Lo curioso es que controlamos poco, muy poco; bueno, en realidad, casi nada y, sin embargo, pasamos gran parte de nuestro tiempo ocupados en controlar. Hagamos un ejercicio. Papel y lápiz (o bolígrafo, o pluma) y durante el próximo minuto anotemos todo lo que vamos a controlar hoy (los deberes de los niños, fulanito ha de entregarme el listado que le he pedido, estos pedidos han de salir a tiempo y todo lo del próximo mes organizado, deben de realizar cada estudio en un máximo de 15 minutos…). ¿Es una lista larga? Seguro que no tiene menos de diez líneas. Recientemente (ya verán por qué) me he estado preguntando sobre cuándo aprendemos la necesidad de controlar y en qué momento de nuestra niñez desaparece nuestro gusto y nuestra capacidad de recibir lo espontáneo, lo inesperado, lo nuevo…
La necesidad de controlar (normalmente a otros, o acontecimientos) parece ser un motor, un hilo conductor en mucho de lo que hacemos día a día en todos los ámbitos en los que nos movemos. No nos gusta nada no controlar, no saber, no poder predecir, no tener certeza, ni seguridad, ni poder transmitirla. No consideramos la incertidumbre y la ambigüedad parte de nuestro entorno natural y, sin embargo, están presentes de forma constante.
El control (o la dificultad de conseguir que las cosas vayan como uno quiere) aparece con frecuencia en sesiones de coaching y genera muchísima ansiedad. Cuando ocurre, abro un paréntesis en la sesión para un dibujo simple a través del que compartir algo que aprendí años atrás de Peter Louca y me ha resultado muy útil.
El círculo pequeñito somos cada uno de nosotros, y controlamos lo que controlamos… Es decir, que controlamos única y exclusivamente aquello que nosotros podemos hacer, pensar, sentir, decir… y sólo hasta la capacidad que tengamos de actuar sobre nuestros pensamientos, sentimientos y emociones.
El círculo que sigue es nuestro círculo más o menos íntimo, sobre el que tenemos alguna capacidad de influir: familia, amigos, compañeros de trabajo, de clubes, asociaciones, municipio…
El siguiente círculo, el de todo eso que sí influye sobre nosotros, pero sobre el que nuestra influencia es prácticamente nula.
Una y otra vez, éste círculo obra maravillas. De repente, uno se siente liberado… Entendemos que, verdaderamente, poco hay que podamos controlar y que, en gran medida, todo esto del control es una bonita ilusión. Entendemos que, de verdad, de verdad, sólo nos controlamos a nosotros y que dependiendo de lo que hagamos obtendremos unas u otras respuestas de los demás y del entorno.

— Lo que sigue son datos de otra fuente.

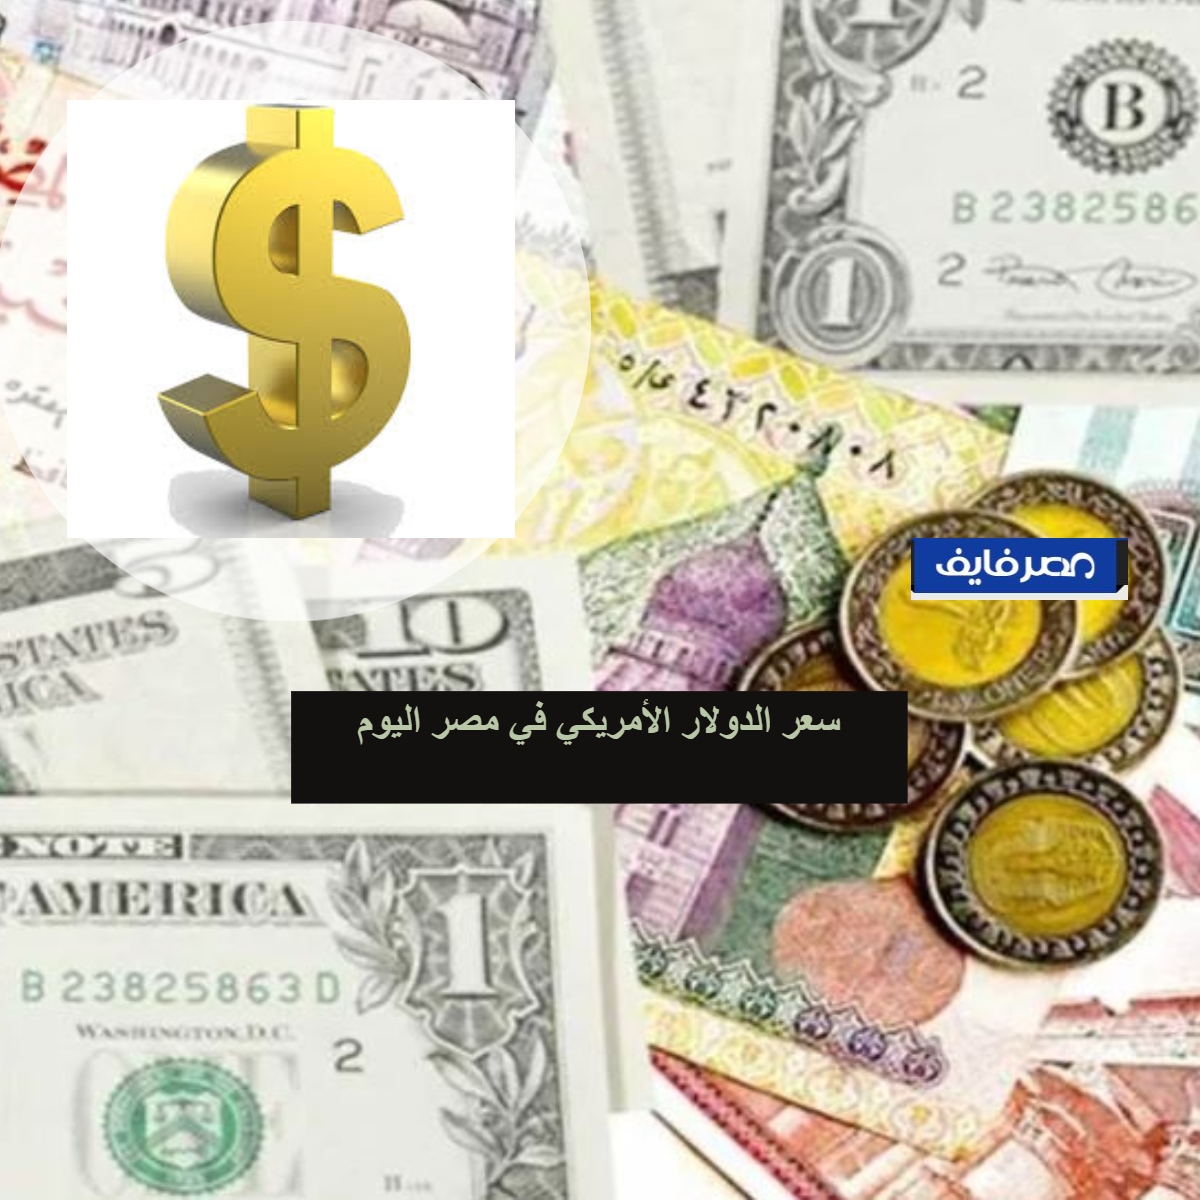 سعر الدولار الأمريكي في مصر اليوم 16-2-2020 انخفاض في بداية التعامل

Hasta aquí, estupendo. Pues bien, en mi experiencia, saber esto no es lo mismo que ponerlo en práctica, y creerlo e intentar vivirlo, tampoco. Y así, recientemente volví a ver mi necesidad de control total a través de un trabajo del colegio. Mi pequeña (la mayor) decidió realizar una presentación (la primera en su vida) sobre Big Ben. ¿Quién creen que tenía mayor necesidad de que saliera bien?, ¿de que la información, las fotos, el montaje, los sonidos de las campanas, el hilo de la historia… estuvieran bien?¿Ella? No. Ella estaba interesada en disfrutar, enseñar la maqueta que había construido con nano blocks de Big Ben y contarle algunas cositas a sus compañeros. Pero yo (y no era mi trabajo, pero me iba mucho en ello), me dediqué en cuerpo y alma a hacerle la presentación. Y en un momento de lucidez momentánea, creo que empecé a atisbar cómo transmitimos de generación en generación la necesidad de controlar, y qué es realmente lo que está en juego… y que es algo muy diferente del control.
De este evento aprendí que la próxima vez que sienta unos deseos irrefrenables de controlar algo que tenga que hacer alguien que no sea yo, además de intentar dejar de hacerlo, tendré también que pararme a hacerme un par de preguntas sobre lo que estoy intentando conseguir, o evitar, al obrar de ese modo.